All we have to do now is to set a breakpoint at the instruction after the read syscall is made, at main+517.
(gdb) break *(main+517)
Breakpoint 1 at 0x59ce64217cab
Once our program has stopped at the breakpoint, we can check the data that was copied into the buffer.
Breakpoint 1, 0x000059ce64217cab in main ()
(gdb) x/gx $rbp-0x18
0x7ffc3d316b98: 0x40b95cb09f0e9087
Next continue the program execution until we are asked for the user input.
The random value has been set!
Random value: 0x1f00026c7ef5aa7f
You input: 1f00026c7ef5aa7f
The correct answer is: 1f00026c7ef5aa7f
We can see that the check was successfully passed.
Next we just have to repeat this step. This process will repeat a couple of times but the method will be the same.
level 5
Use gdb scripting to help you collect the random values.
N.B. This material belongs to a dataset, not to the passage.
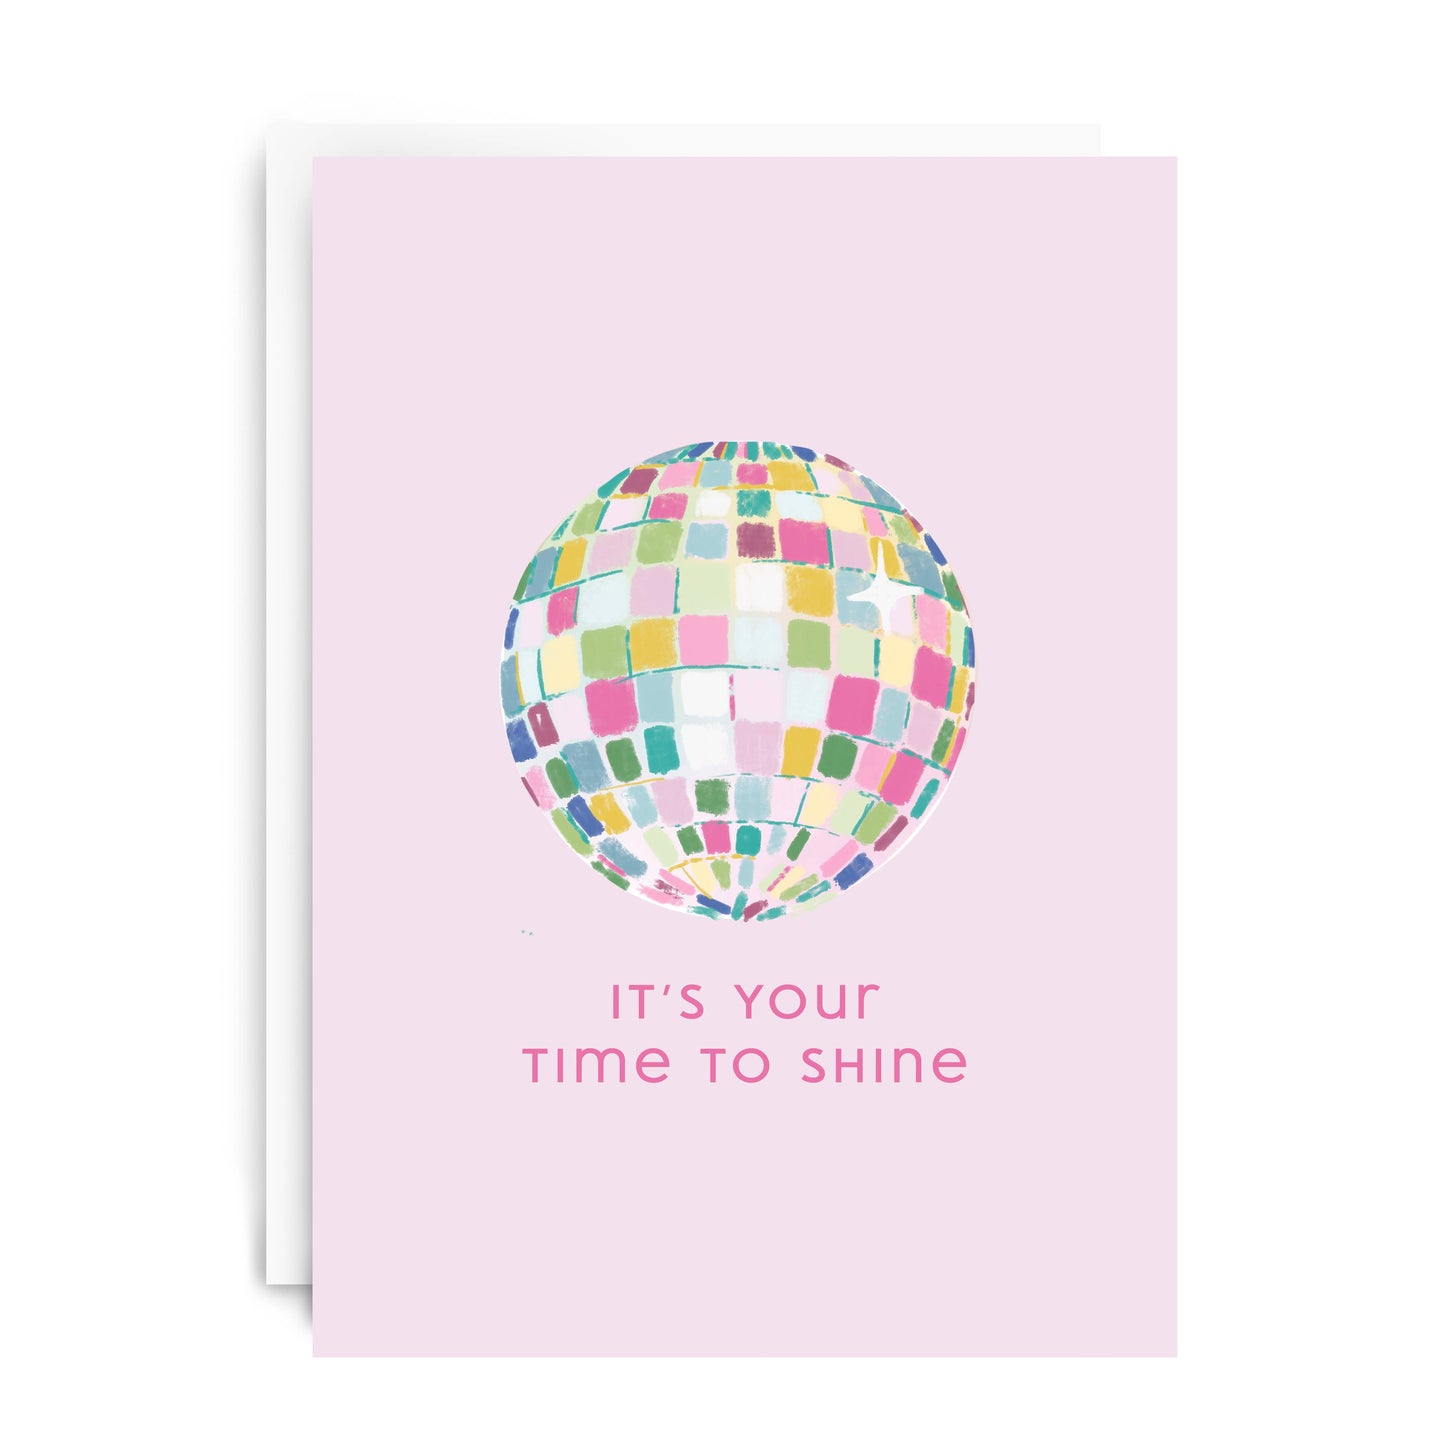 It's Your Time to Shine" Greeting Card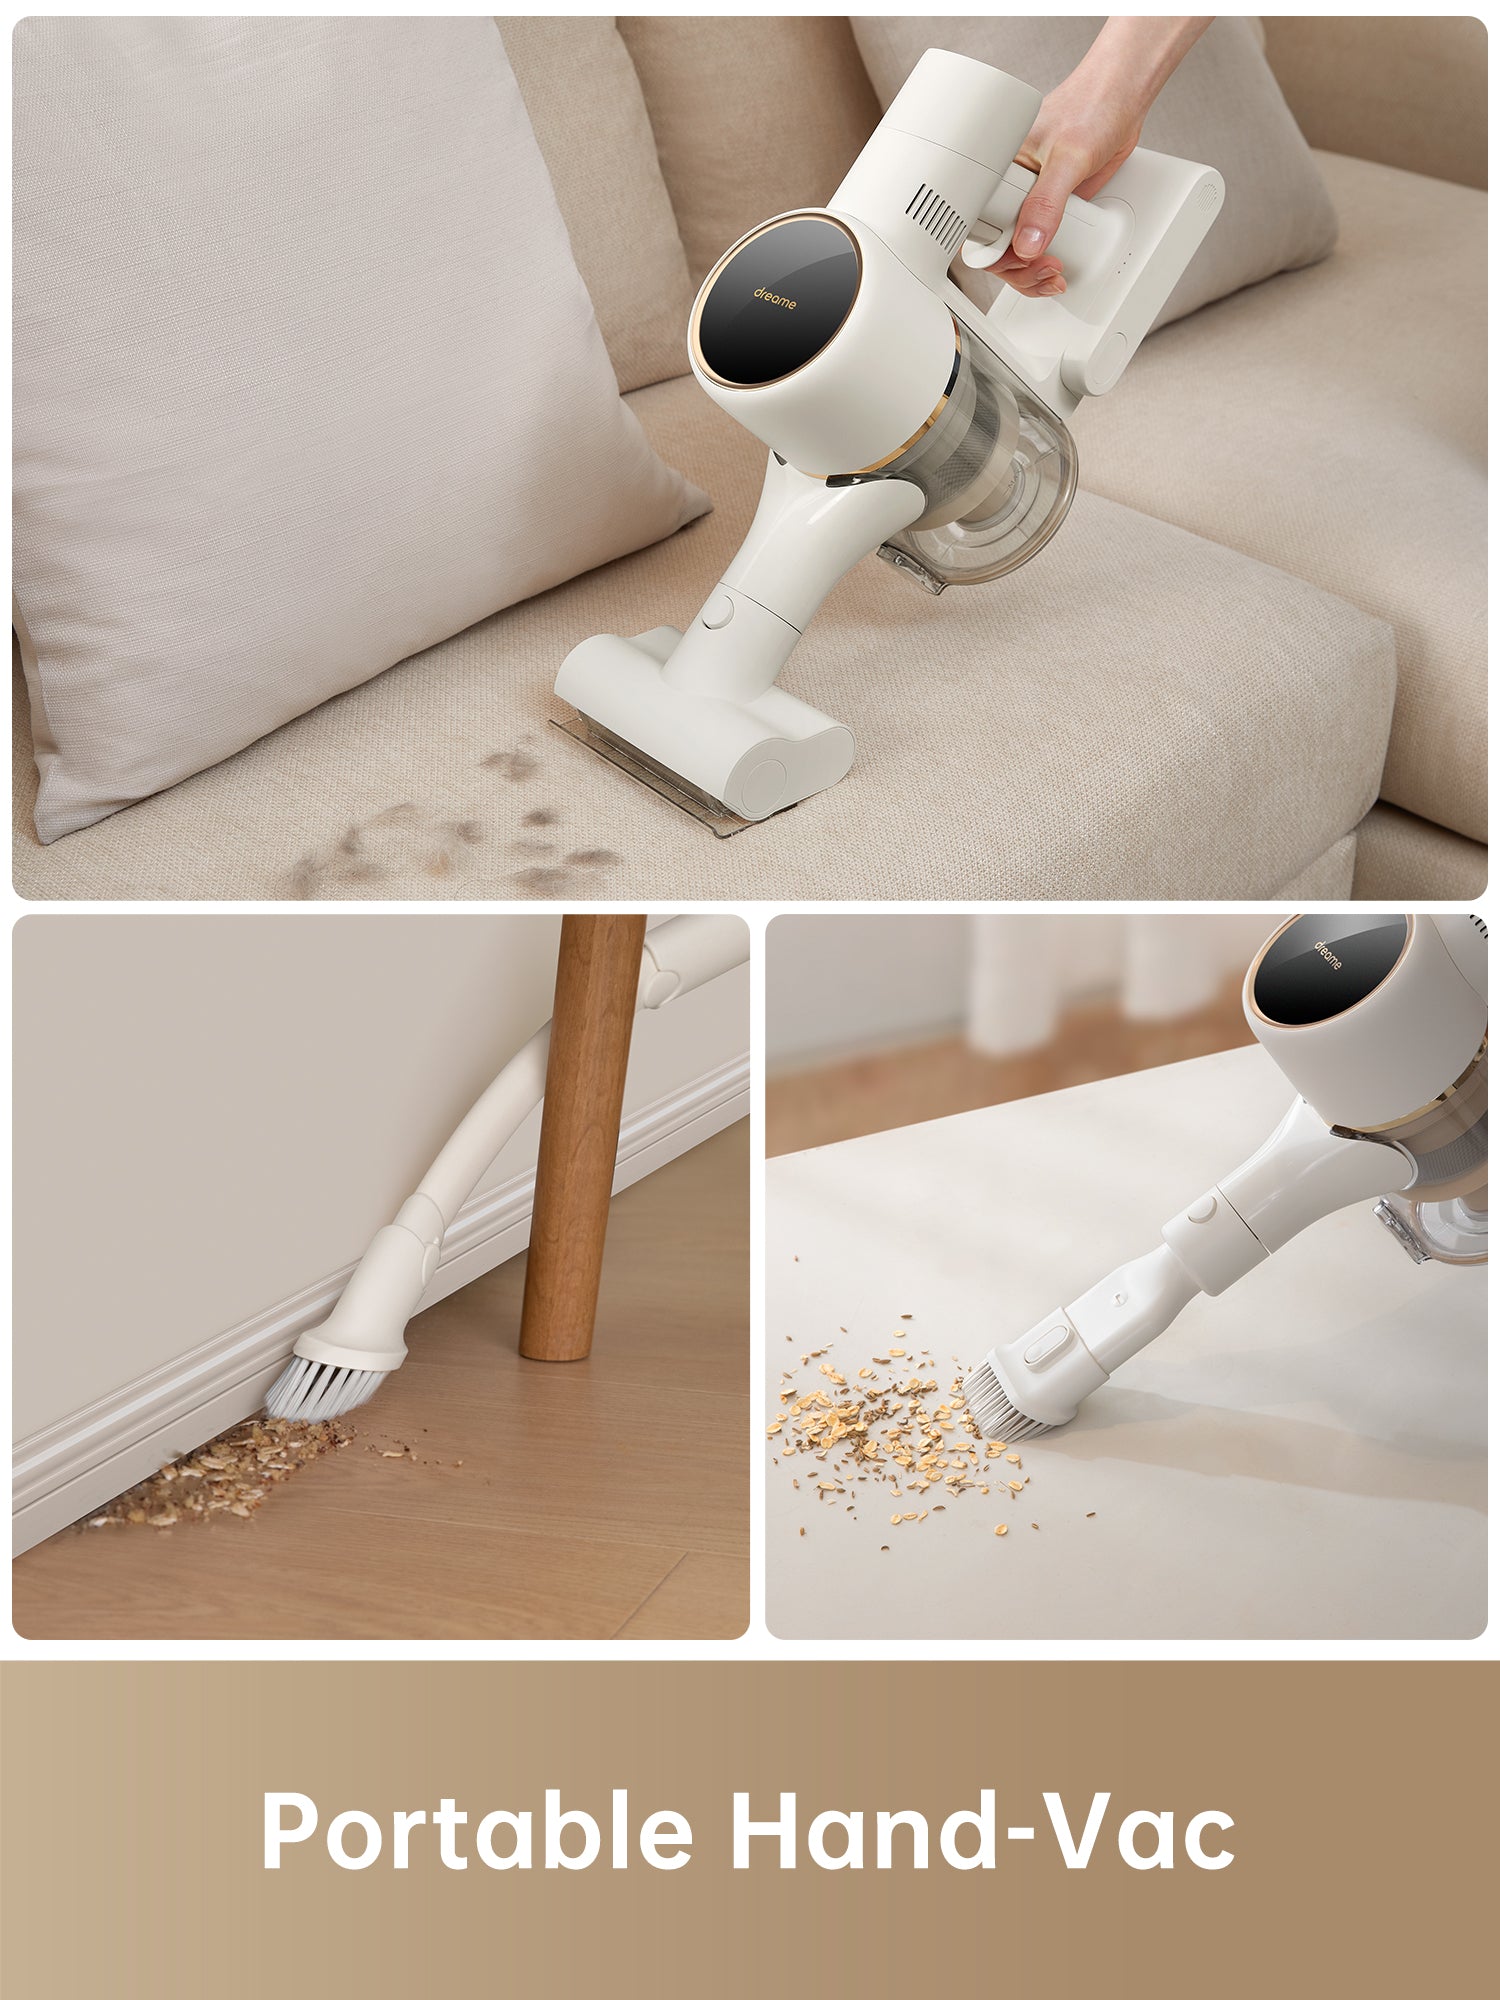 (PREORDER 10 MAY) Dreame R10 Cordless Stick Vacuum Cleaner

From the previous level, we already know that the value that our input is being compared to is stored at $rbp-0x18. This is the location of the read syscall's buffer.
(gdb) disassemble main
Dump of assembler code for function main:
# --- snip ---
0x00005556d00bdd56 <+688>: mov ecx,eax
0x00005556d00bdd58 <+690>: lea rax,[rbp-0x18]
0x00005556d00bdd5c <+694>: mov edx,0x8
0x00005556d00bdd61 <+699>: mov rsi,rax
0x00005556d00bdd64 <+702>: mov edi,ecx
0x00005556d00bdd66 <+704>: call 0x5556d00bd210 <read@plt>
0x00005556d00bdd6b <+709>: lea rdi,[rip+0xd46] # 0x5556d00beab8
# --- snip ---
This time the read syscall is made at main+704. Therefore in order to check the data that is read we need to set a breakpoint at the next instruction which is at main+709.
(gdb) break *(main+709)
Breakpoint 1 at 0x60c9162cbd6b
Next we want to display the current variable.
Breakpoint 1, 0x000060c9162cbd6b in main ()
(gdb) set $currentValue = *(unsigned long long*)($rbp-0x18)
(gdb) printf "Current value: %llx\n", $currentValue
Current value: 27e462979a3999c4
These commands will be executed every time the breakpoint is hit.
We defined a variable $currentValue and set it's value equal to the local variable $rbp-0x18.
All we have to do now is put it all together in a script so that we don't have to type it out over and over.
GDB script
The complete script looks like follows:
run
break *(main+709)
commands
silent
set $currentValue = *(unsigned long long*)($rbp-0x18)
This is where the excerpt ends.